Ultra acquires leading RF and Microwave supplier

01 JUNE 2015

Ultra acquires leading RF and Microwave supplier to the international EW market

Ultra announces that it has today agreed to acquire the Electronic Products Division (“EPD”) of Kratos Defense & Security Solutions (NASDAQ: KTOS) for a cash consideration of up to $265m1.

Strategic rationale:

  • Establishes a major presence in the growing market of electronic warfare (EW)
  • Provides market and customer synergies with Ultra’s C2ISR2 market segment
  • Well established supplier to the attractive US EW market, which is growing at over 3% per annum
  • Long-term contracts strengthen Ultra’s order book visibility
  • The combined technologies under Ultra’s ownership will provide opportunity to gain market share

EPD (formerly Herley Industries Inc.) is a leading designer and producer of RF and microwave integrated systems and subsystems for use in EW, radar, communication, missile, flight test and simulation applications. The company, headquartered in Massachusetts, US, employs 433 people across four offices in the US and UK.
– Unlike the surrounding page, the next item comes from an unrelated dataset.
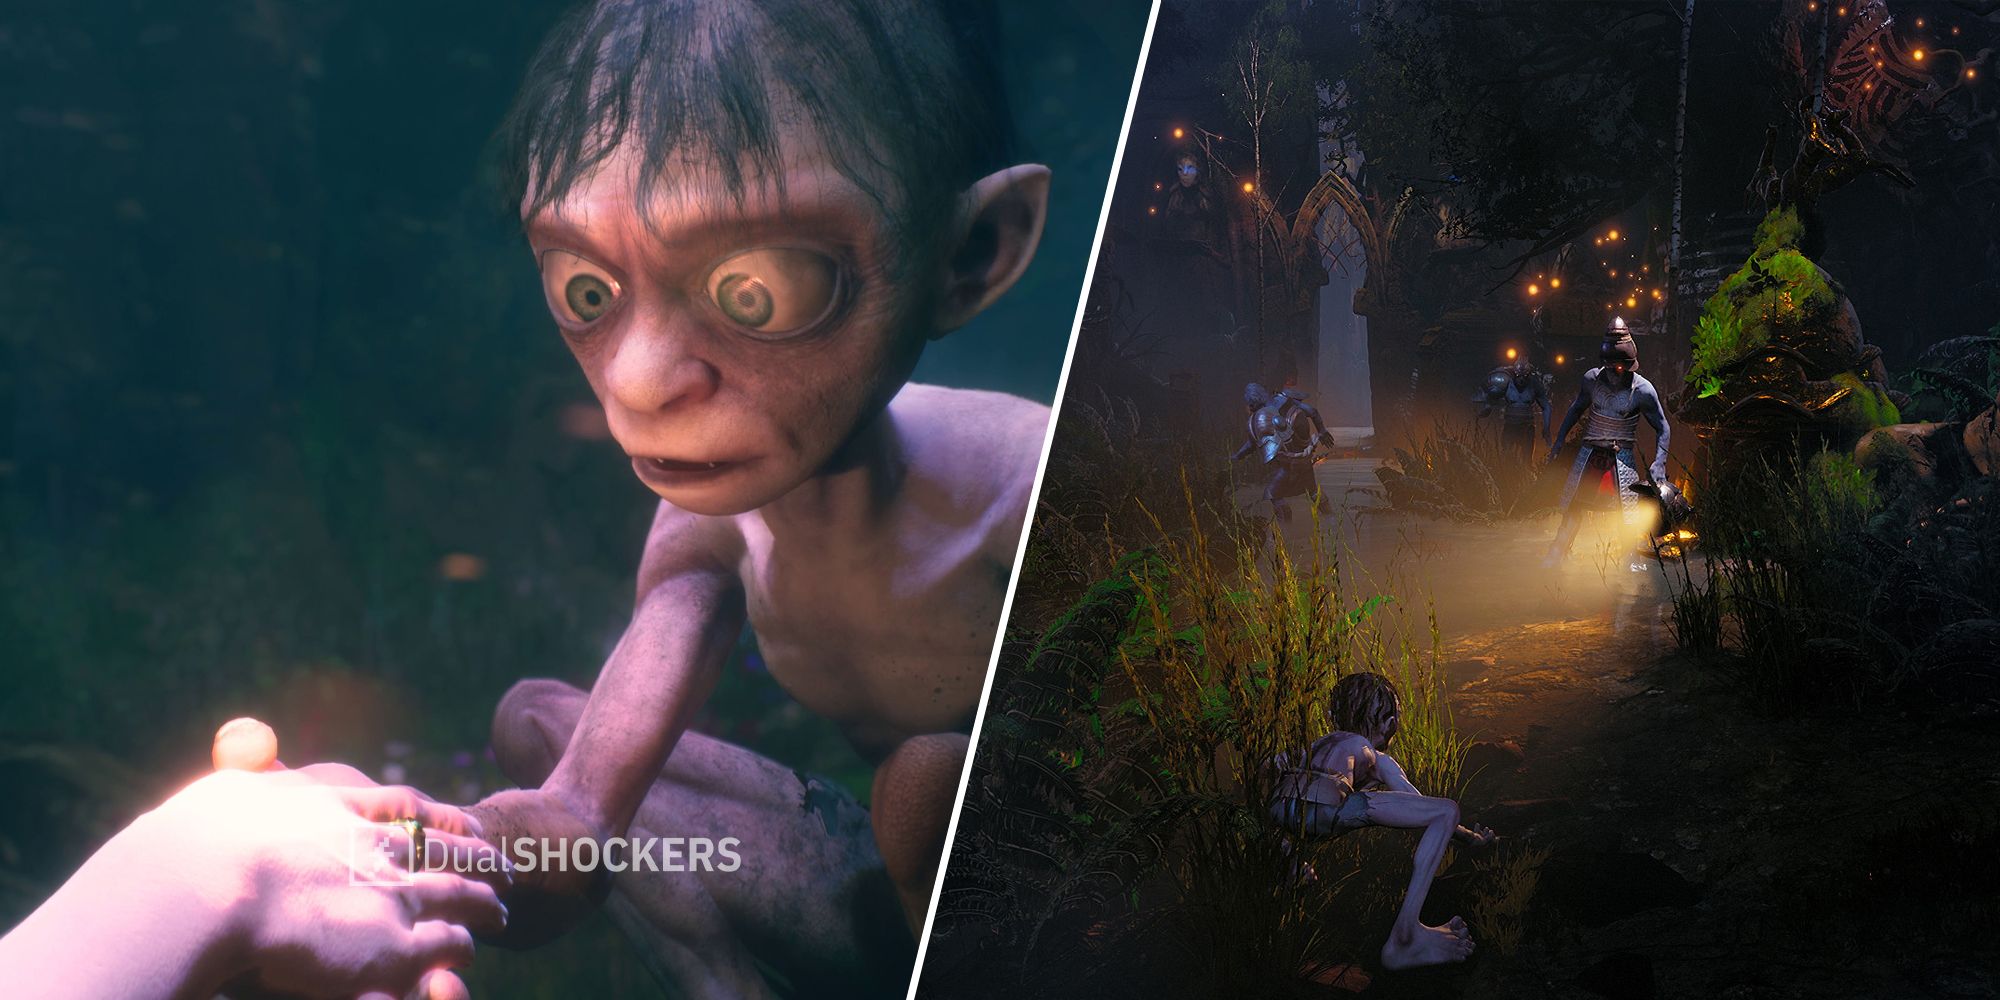 The Lord of the Rings: Gollum New Teaser Trailer Released During the Game  Awards

EPD is a sole-source provider of proprietary technology on numerous established strategic platforms, including P-8A Poseidon, Trident II D5 missile, F-16 Fighting Falcon, Eurofighter, AMRAAM missile, and EA-18G Growler. Given its continuing investments, key capabilities, customer relationships and strong historical programme performance, EPD is also well-positioned for opportunities on the F-35 Joint Strike Fighter and on multiple, next-generation strategic national defence and security programmes.

EPD has a proven track record of more than 20 years of successful participation on major defence programmes and long-standing relationships with a diverse international customer base. Major customers include Northrop Grumman, Lockheed Martin, Boeing, Raytheon, and Harris as well as the governments of the US, Australia, Germany and South Korea.

The Group has identified electronic warfare as a targeted growth area within its core markets in which Ultra is under-represented. EPD has a well-established position in the US EW market which is projected to grow at over 3% CAGR. The acquisition of EPD will augment the Group’s existing specialist EW capabilities in Australia and Canada and give access to new customers and markets. Equally, access to Ultra’s secure networks and military datalink capabilities will allow the EPD business to increase the scope of future offerings into their existing customer base.

EPD will be integrated into Ultra’s Tactical & Sonar Division. EPD will be renamed Ultra Electronics Herley Industries and its current head, Richard Poirier, will remain as President.

In the year ended 31 December 2014, EPD generated EBITDA of $22m, Profit Before Tax of $11m and reported gross assets of $217m. The acquisition will be earnings accretive from the first full year. The purchase price represents an implied transaction multiple of approximately 10.7x LTM EBITDA, after allowing for a tax benefit associated with the transaction resulting from a Section 338(h)(10) election. This benefit has a net present value of approximately $43m. The combined businesses of EPD and Ultra’s C2ISR segment are expected to achieve recurring pre-tax cost synergies of approximately $8m per annum, to be delivered in full by the end of 2019 as the culmination of some programmes allow the elimination of duplicate overheads. These synergies, together with the Section 338(h)(10) tax benefit, would take the implied transaction multiple to approximately 8x LTM EBITDA.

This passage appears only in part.